Today, I am researching (in so far as it is possible, without usual access to libraries, archives etc.) a late instance of the writ de ventre inspiciendo – ordering the inspection of a woman claiming pregnancy, by women, in civil proceedings. It has come up in my research on ‘Unknowns at the Start of Life’ for a swiftly approaching paper (April), and needs a bit of thought. The case was heard in Knight Bruce VC’s court, on 8th May, 1845.[i]
It involved a dispute about a trust. A ‘gentleman of the name of Blakemore’ had some property – he held it as tenant for life, and the remainder was held by trustees on a thousand year term, on trust to provide money for Blakemore’s issue, and the remainder was for the people bringing the action here.
The petitioners were not able simply to have the property, however, because there was a competing claim, from the ‘gentleman of the name of Blakemore’s wife: this woman claimed to be pregnant with Blakemore’s child, and, if that was so, then the child would be entitled to money from the trust. It was therefore in the interest of the petitioners to cast doubt on this claim to be pregnant with Blakemore’s child.
The petitioners proceeded with the doubt-casting by portraying both Blakemore and his widow as dubious characters. It is not altogether clear why they needed to have a go at Blakemore himself, but apparently there were affidavits which ‘represented [him] to have been a man of dissolute and intemperate habits’. It was probably with a view to having a go at both of the spouses that they stressed that he had ‘married the barmaid of an inn in Wales’ (not just some barmaid, but a Welsh barmaid – just at the time that Welsh women were about to be insulted quite horrendously in the treacherous Blue Books, as being of extremely easy virtue). Blakemore had, so they said, come to London, leaving his Welsh barmaid wife behind, and died in January 1845. He was dead then, so the petitioners couldn’t have a go at him any further, but they had not finished with the widow Blakemore.
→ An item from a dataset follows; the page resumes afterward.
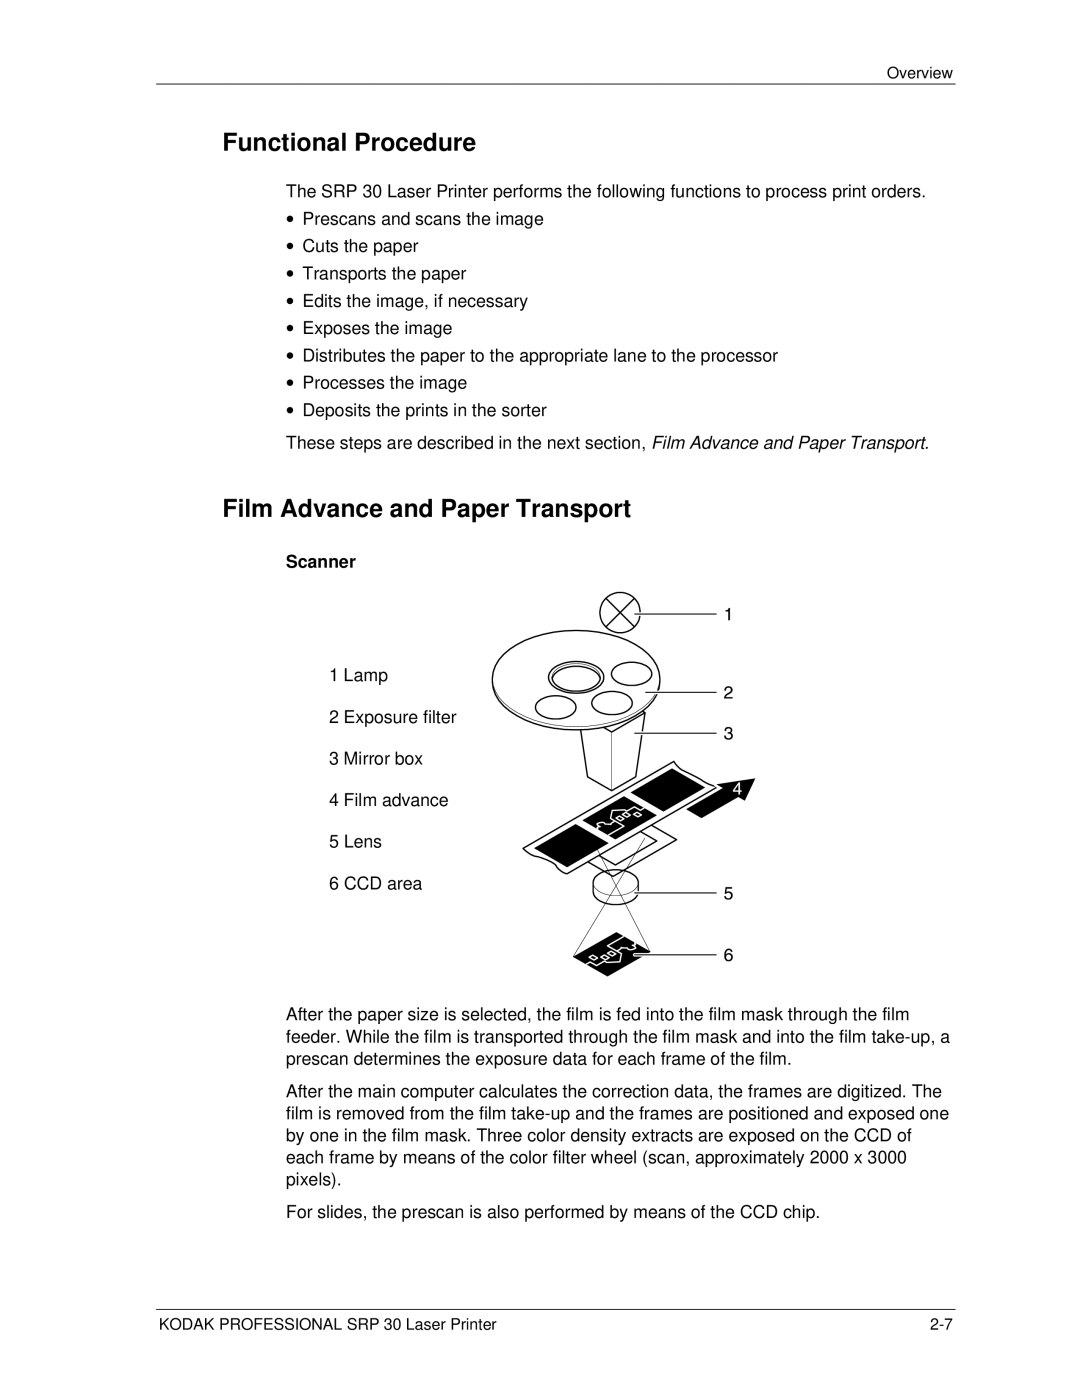 Kodak SRP 30 manual Functional Procedure, Film Advance and Paper Transport, Scanner

They said that she had ‘carried on adulterous intercourse’ with the groom of her husband, during the latter’s absence before his death, and after she was widowed, had started to live with the groom ‘as man and wife’ (and as if that was not bad enough ‘at a certain public-house in Wales’, and the ‘subsisting connection’ was ‘one of sin’ (rather than there having been a second marriage).
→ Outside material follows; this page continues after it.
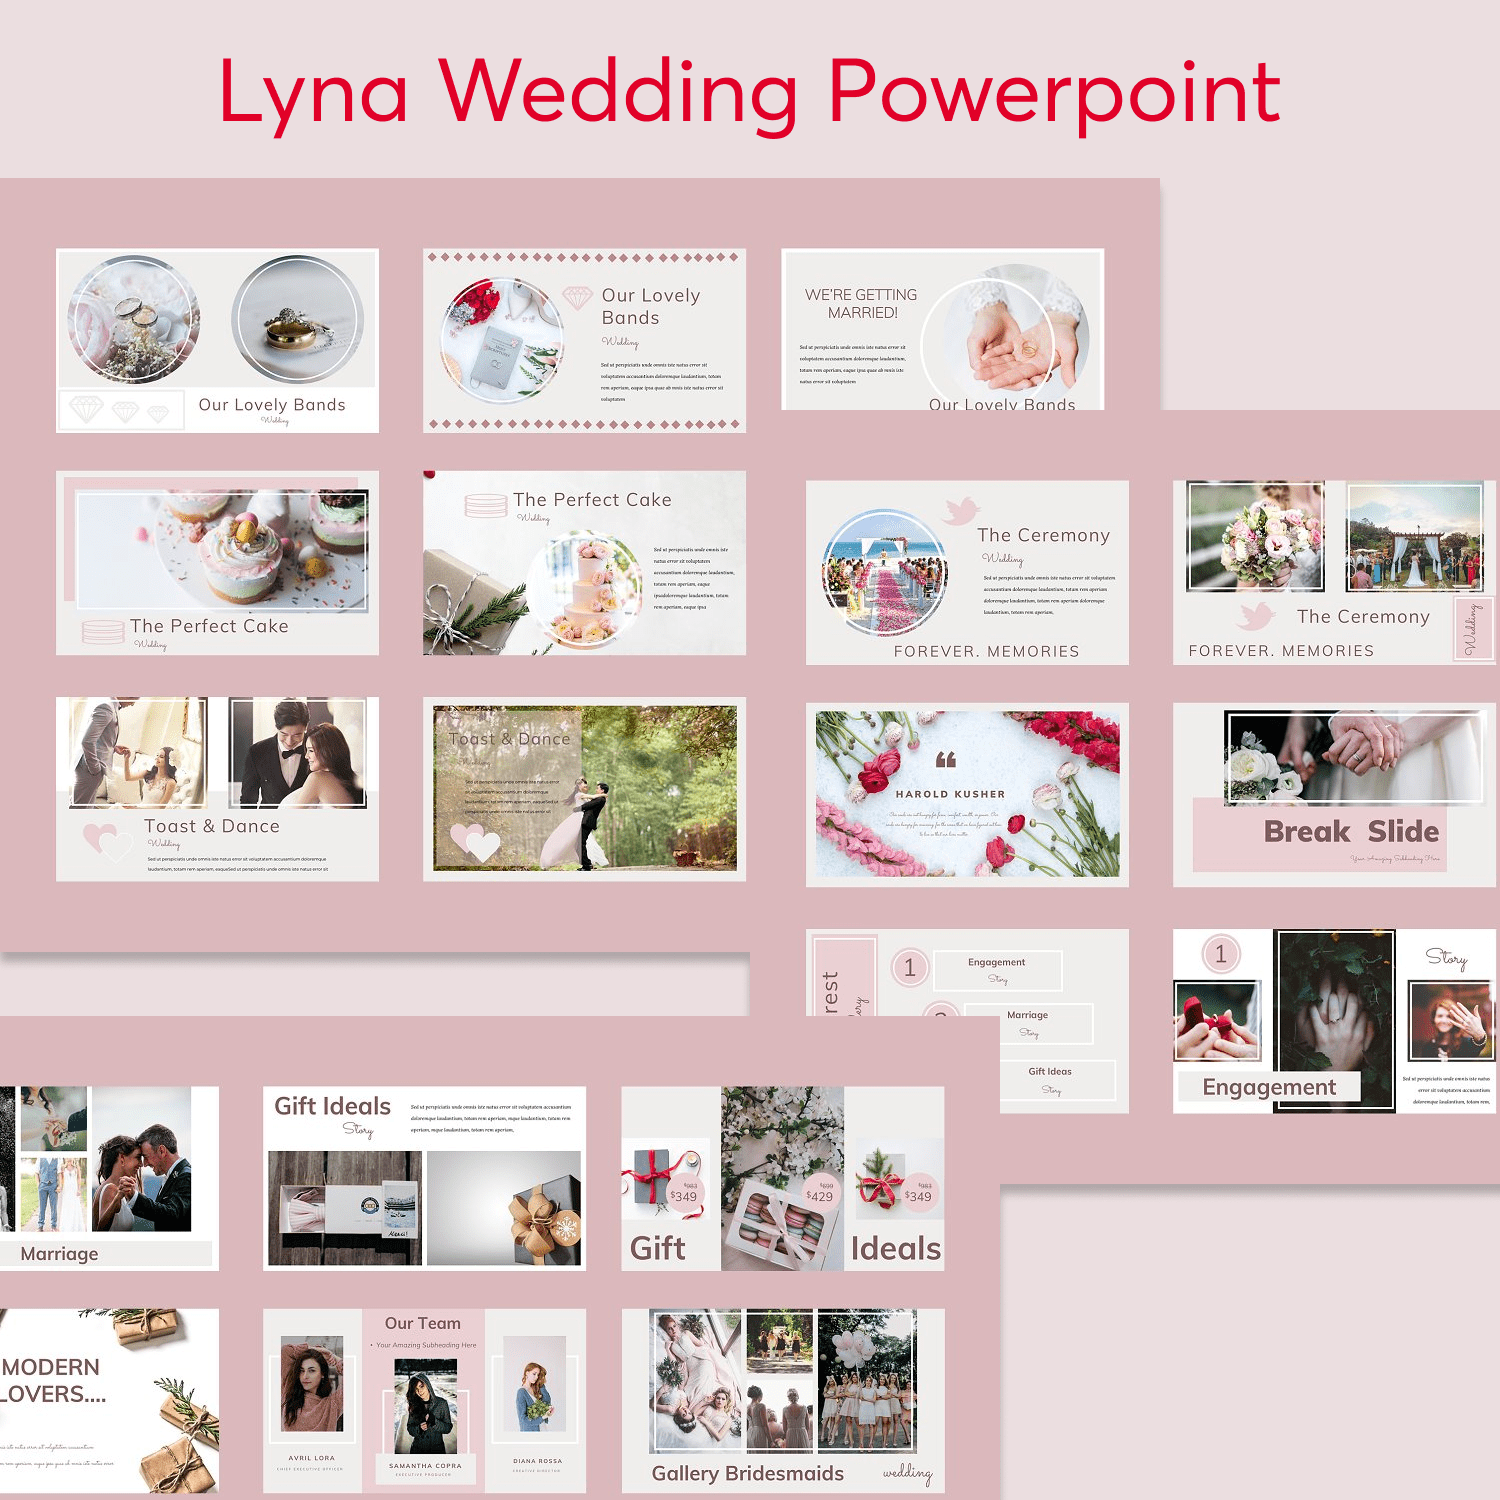 Lyna Wedding Powerpoint.

The report is a little telegraphic (v. much the latest thing – see how on point my tech reference is?) but it is clear that an order was made for an inspection of the widow, by a ‘jury of women’. Although some of the evidence on behalf of the petitioners seems to have been not that the widow was not pregnant, but that she was not pregnant with her dead husband’s child, the inspection would not have been of any value in relation to that issue. Perhaps the point is that they were trying to discredit both the existence of a pregnancy which had begun during the marriage, and also, if that failed, to do the more difficult job of rebutting the presumption that the child of a married woman was her husband’s issue. This had become a little less difficult in the first part of the 19th C, but very strong evidence was still required.
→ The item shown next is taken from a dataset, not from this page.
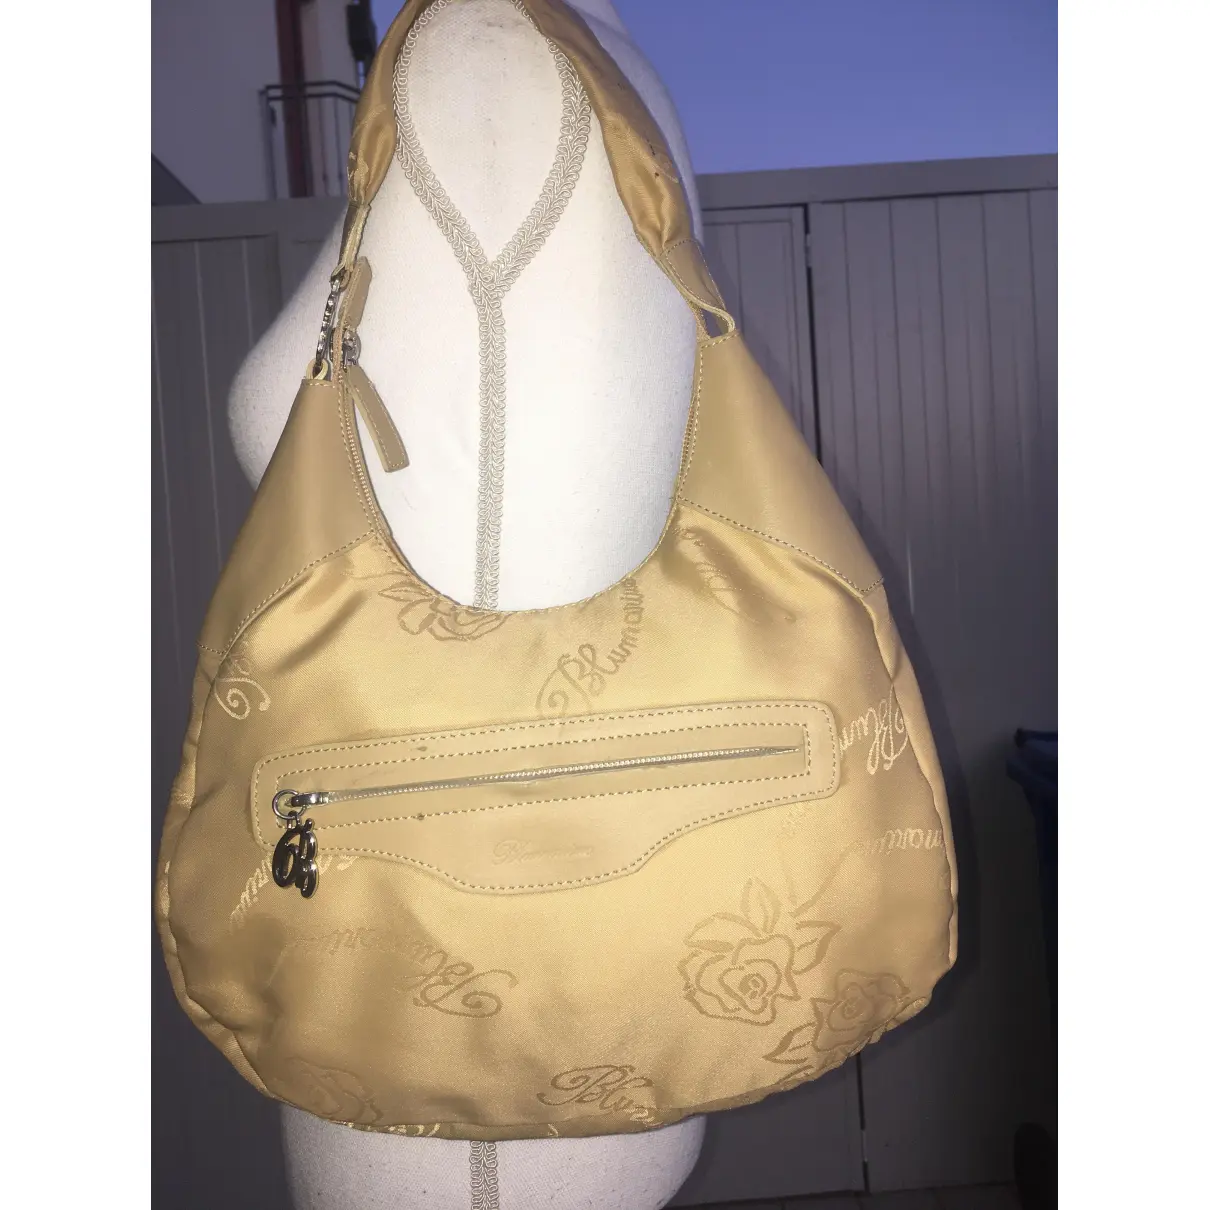 Buy Blumarine Cloth handbag online

So, the petitioners’ case can, perhaps be understood. The puzzle, from my point of view, is that there does not seem to have been much interest in the press. Why did I expect that there would be? Well, sex, adultery, class, bashing the Welsh – good ways of getting people to read your paper, I would have thought. Then there is also the de ventre inspiciendo process itself – now something of a rarity in civil cases, and, when it was proposed in a case in 1835 (of which more in a later post) it was considered quite, quite scandalous, and cruel. Could the difference possibly have been that between a respectable English tradesman’s wife – easily believed to be too delicate to be poked and prodded (the situation in the Fox case of 1835)– and a Welsh barmaid, who could not be imagined to have any finer feelings? Surely not.
Further details on the parties, the story, and whether there ever was an inspection of the body of the much-maligned Welshwoman will have to await the great re-opening of the archives. Another one for the pile!
[i] Blakemore v Blakemore 1 Holt Eq. 328; 71 ER 769; In re Blakemore, 14 L.J. (NS) Ch. 336 (1845).